Search code examples
marklogicmarklogic-9mlcp

How to remove a column from a csv file while loading a file?


I want to remove the particular column from the csv file and load it into database using mlcp.

My csv file contains:

URI,EmpId,Name,age,gender,salary
1/Niranjan,1,Niranjan,35,M,1000
2/Deepan,2,Deepan,25,M,2000
3/Mehul,3,Mehul,28,M,3000

I want to use that URI column as the uri for the document and also that uri column should be skipped/removed in the inserted document.

How to do it??


Solution

  • Your best bet when using MLCP and not in MarkLogic Data Hub context is using MLCP tranforms.
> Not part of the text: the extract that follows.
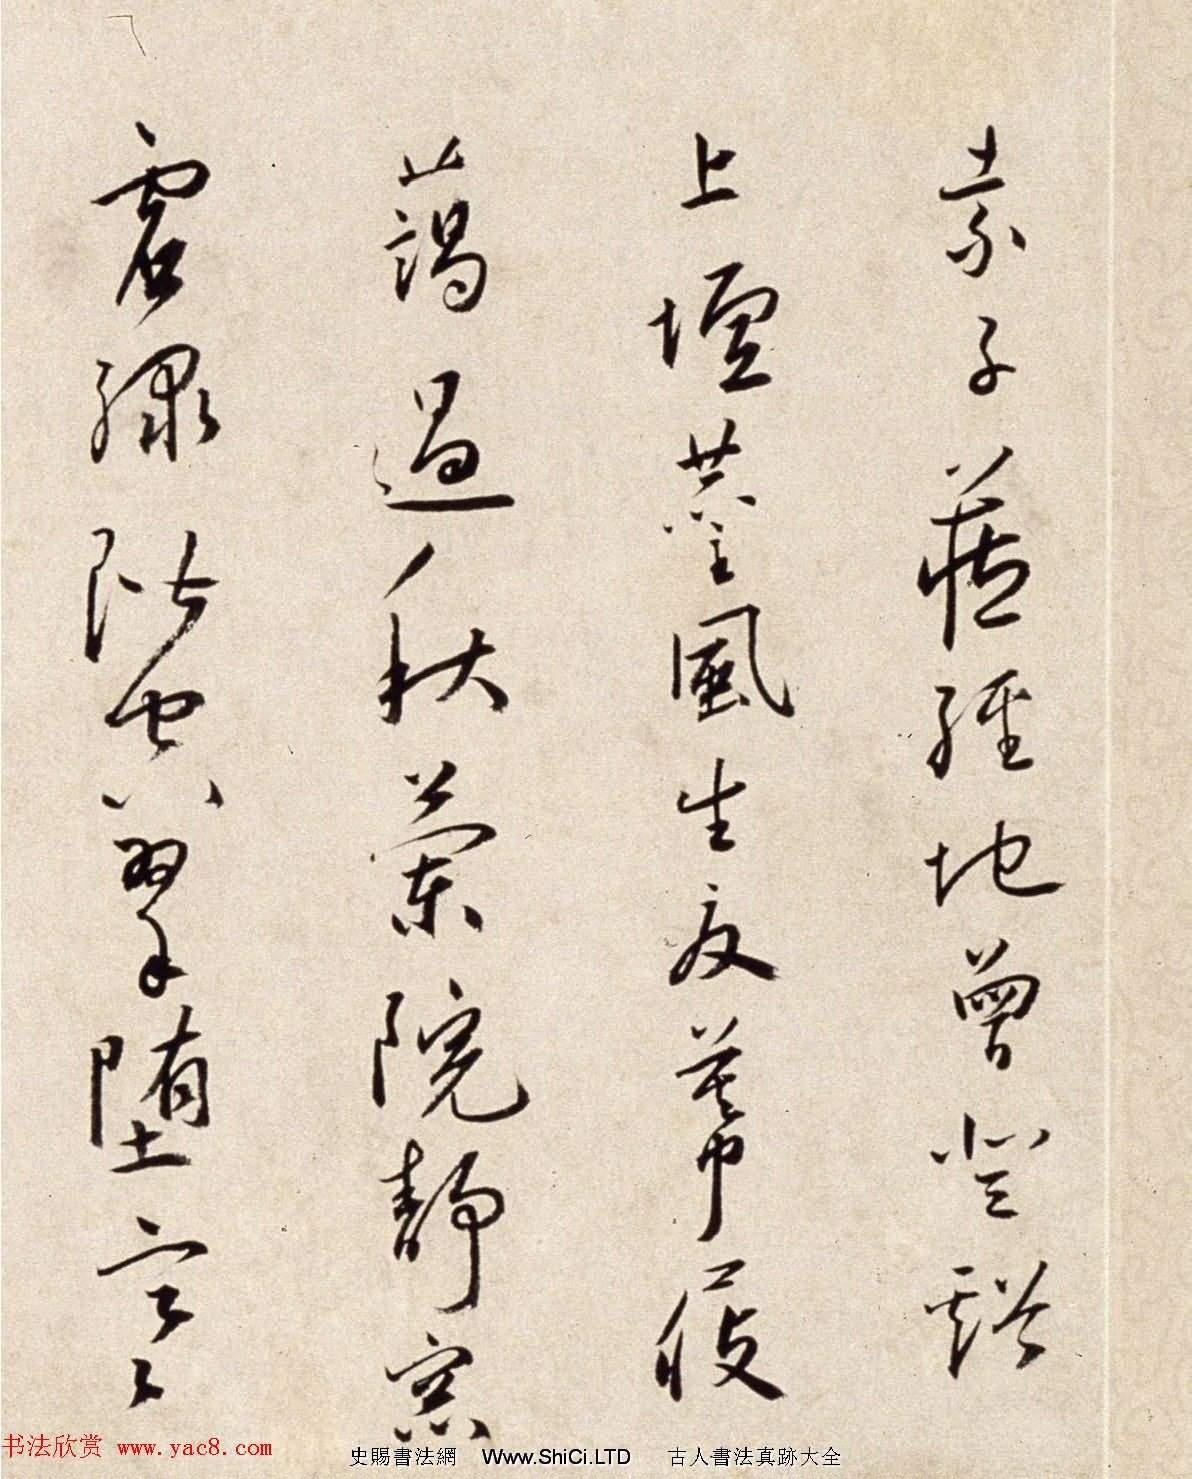 明代蔡羽行書手卷《臨解縉詩》(共30張圖片)

You can find some explanation, and a few examples here:

    Transforming Content During Ingestion

    In case you are converting your CSV to JSON, you could use something like the following..
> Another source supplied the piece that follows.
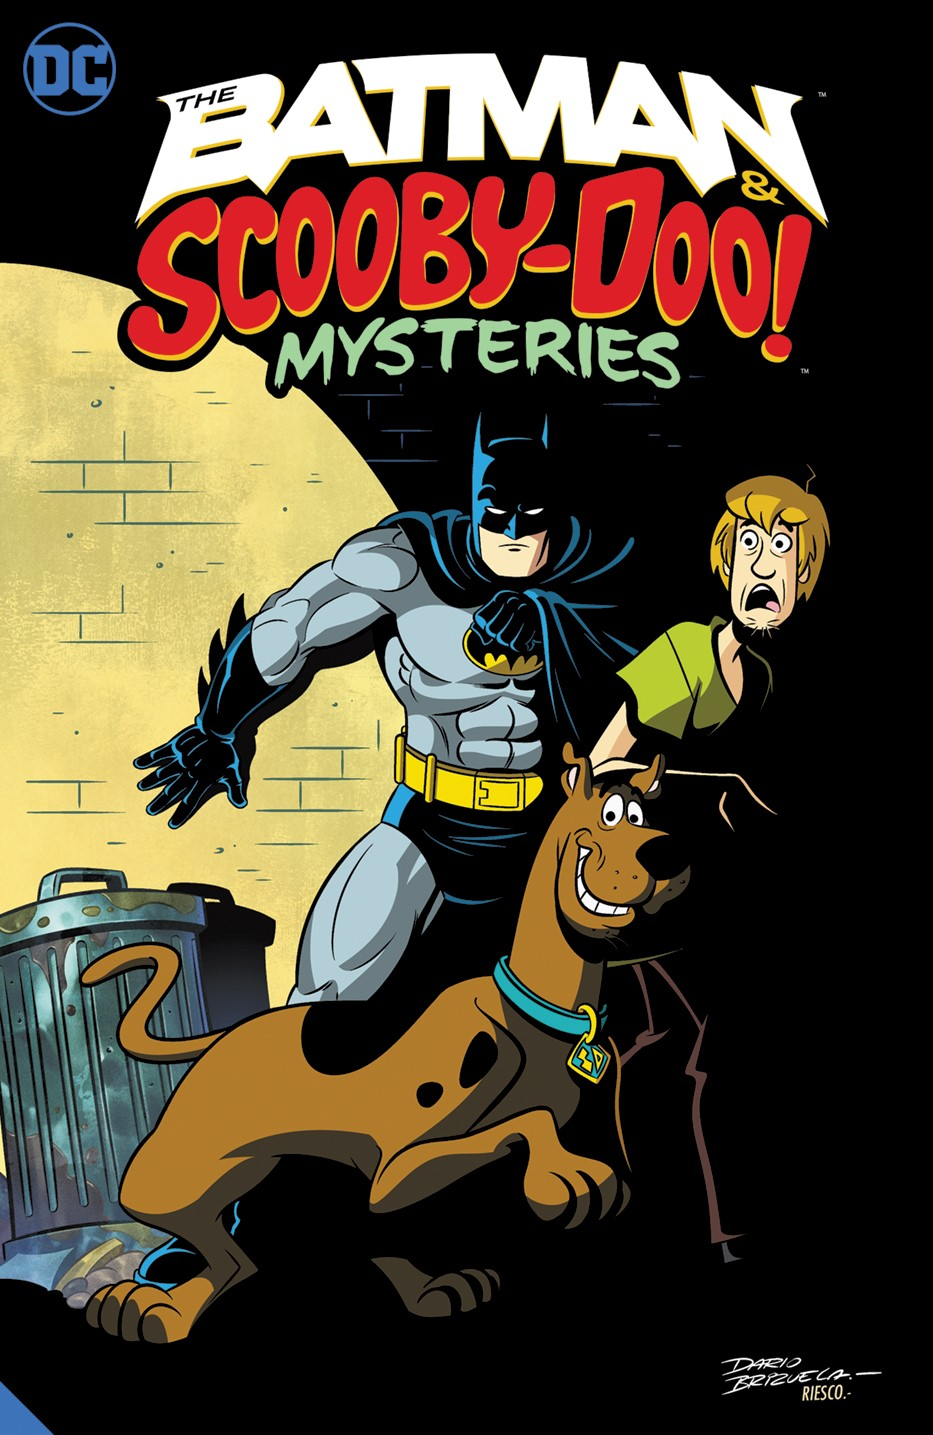 thebatmanscoobydoomysteries_adv DC Comics October 2021 Solicitations

    Save this as /strip-columns.sjs in your modules database:

    /* jshint node: true */
    /* global xdmp */
    
    exports.transform = function(content, context) {
      'use strict';
    
      /* jshint camelcase: false */
      var stripColumns = (context.transform_param !== undefined) ? context.transform_param.split(/,/) : [];
      /* jshint camelcase: true */
    
      // detect JSON, assumes uri has correct extension
      if (xdmp.uriFormat(content.uri) === 'json') {
    
        // Convert input to mutable object for manipulation
        var newDoc = content.value.toObject();
        Object.keys(newDoc)
        .map(function(key) {
          if (stripColumns.indexOf(key) > -1) {
            delete newDoc[key];
          }
        });
    
        // Convert result back into a document
        content.value = newDoc;
    
      }
    
      // return updated content object
      return content;
    };
    

    And then you'd invoke it with something like this:

    mlcp.sh import -input_file_path test.csv -input_file_type delimited_text -uri_id URI -document_type json -output_uri_prefix / -output_uri_suffix .json -output_collections data,type/csv,format/json -output_permissions app-user,read -transform_module /strip-columns.sjs -transform_param URI
    

    HTH!